:: About this task ::
Nothing may be left out of the listing below but its images; repeat the rest exactly.

:: Provided data ::
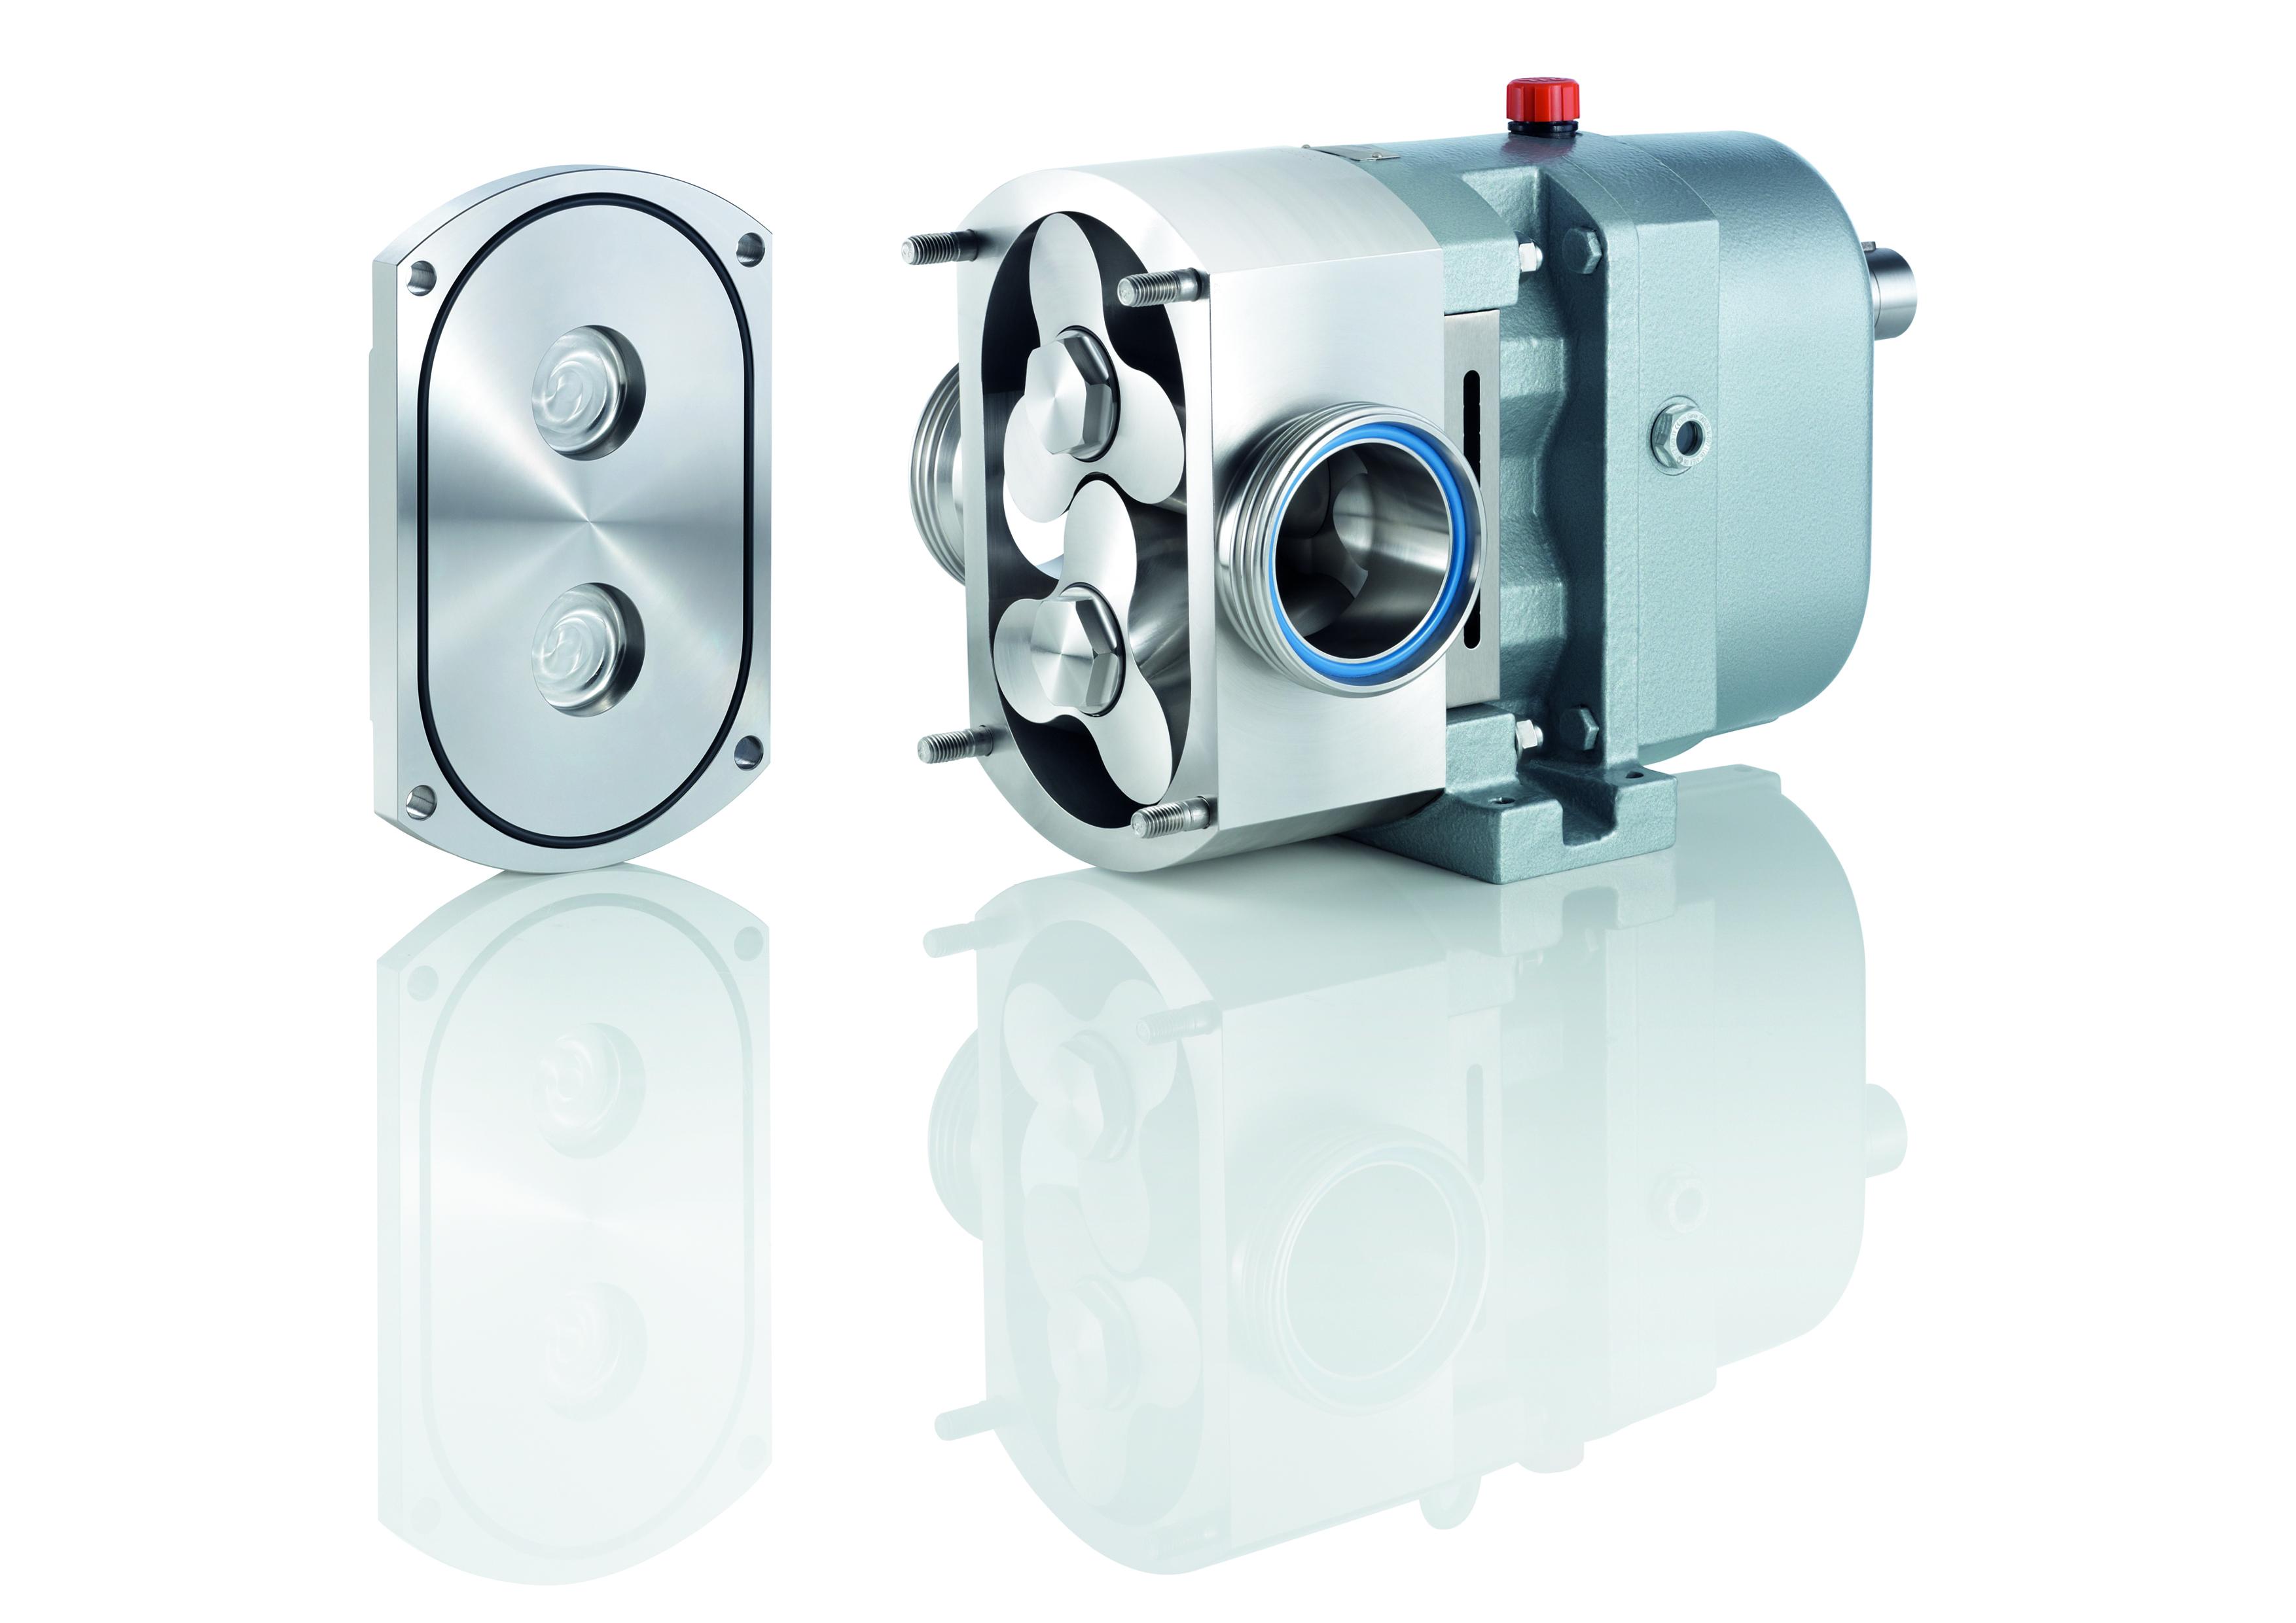 La pompa FL3 è proposta da Fristam in versione trilobo elicoidale, con pulsazioni virtualmente annullate
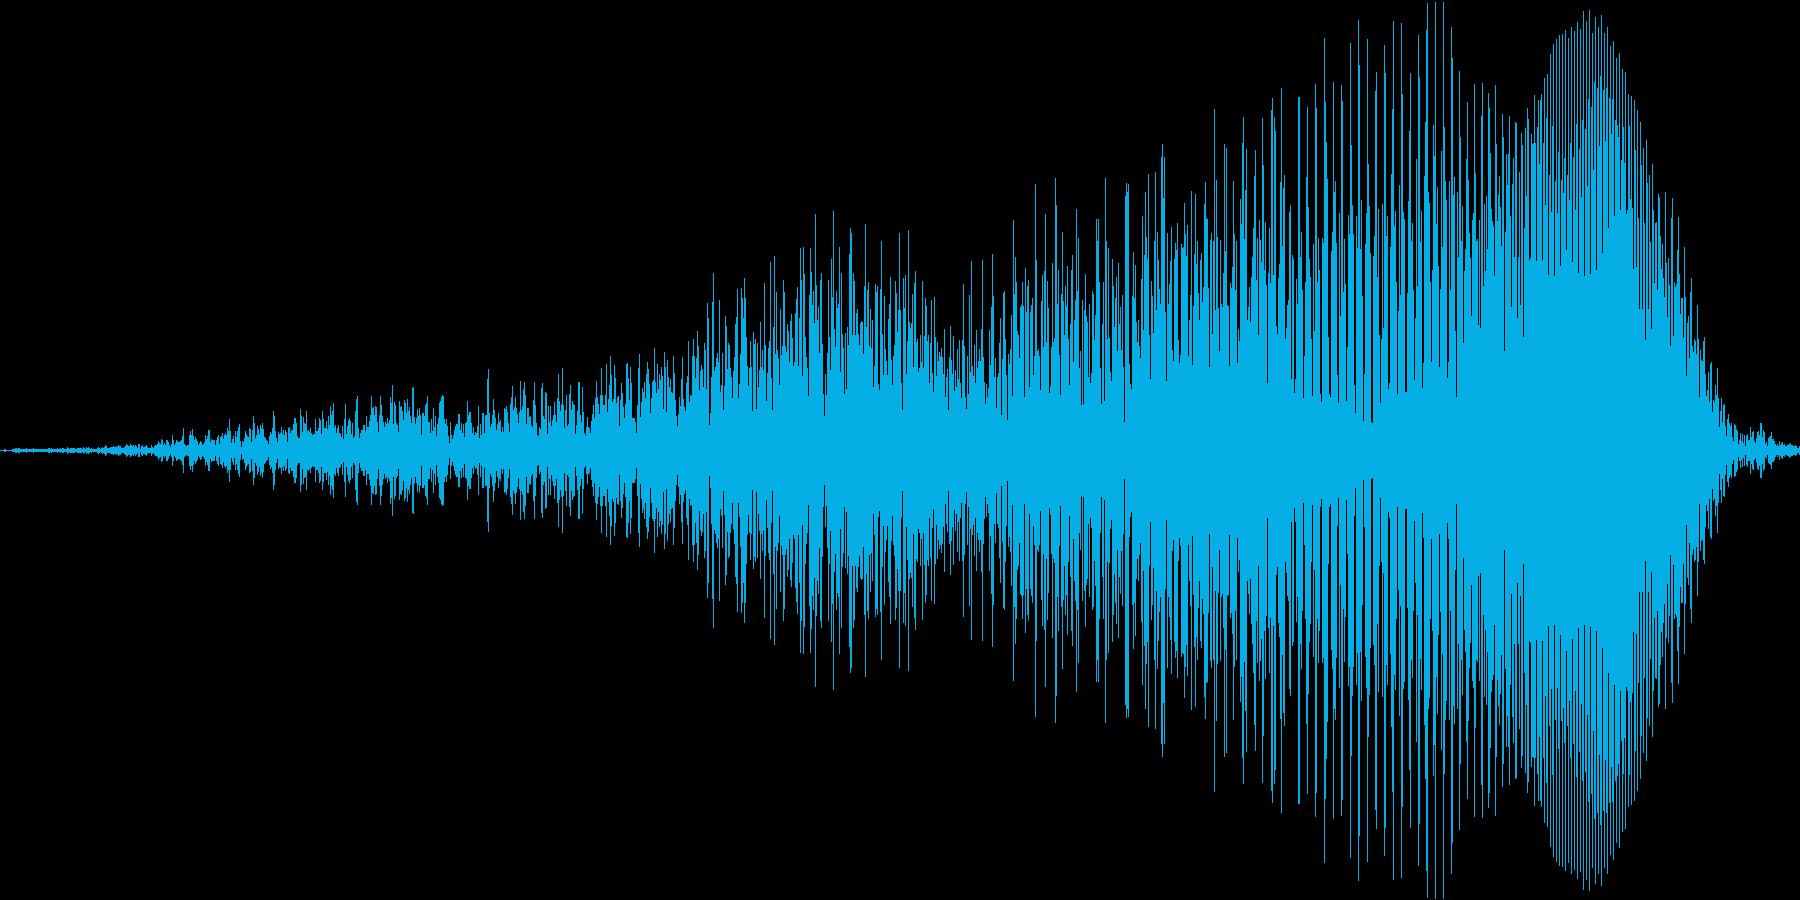 しょ!の再生済みの波形
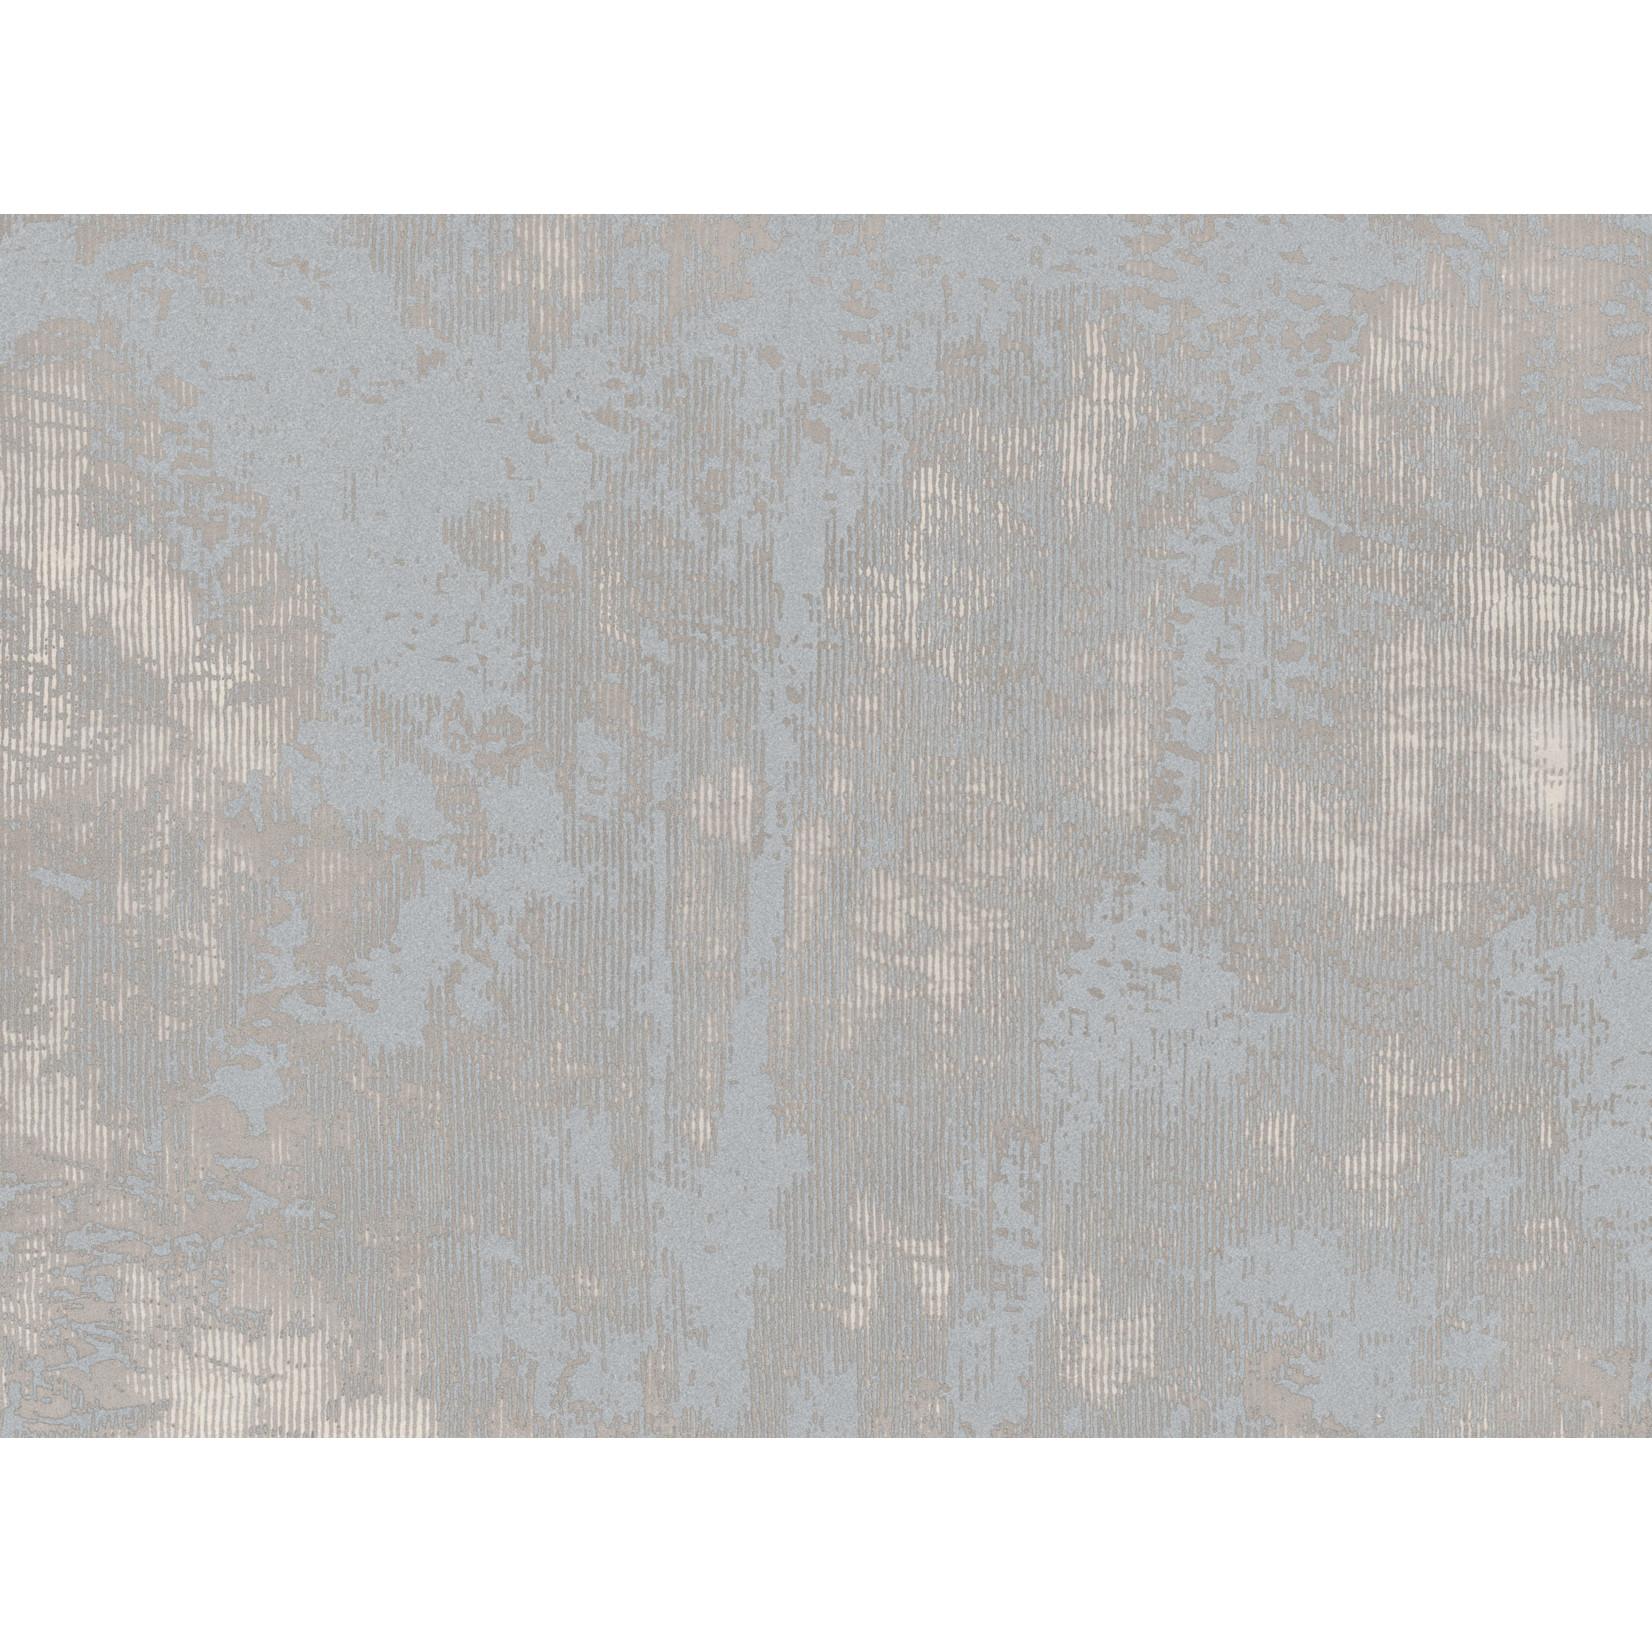 Black Edition Mizumi Wallcoverings   Utsuro Glacier

:: Solution ::
 La pompa FL3 è proposta da Fristam in versione trilobo elicoidale, con pulsazioni virtualmente annullate
 しょ!の再生済みの波形
 Black Edition Mizumi Wallcoverings   Utsuro Glacier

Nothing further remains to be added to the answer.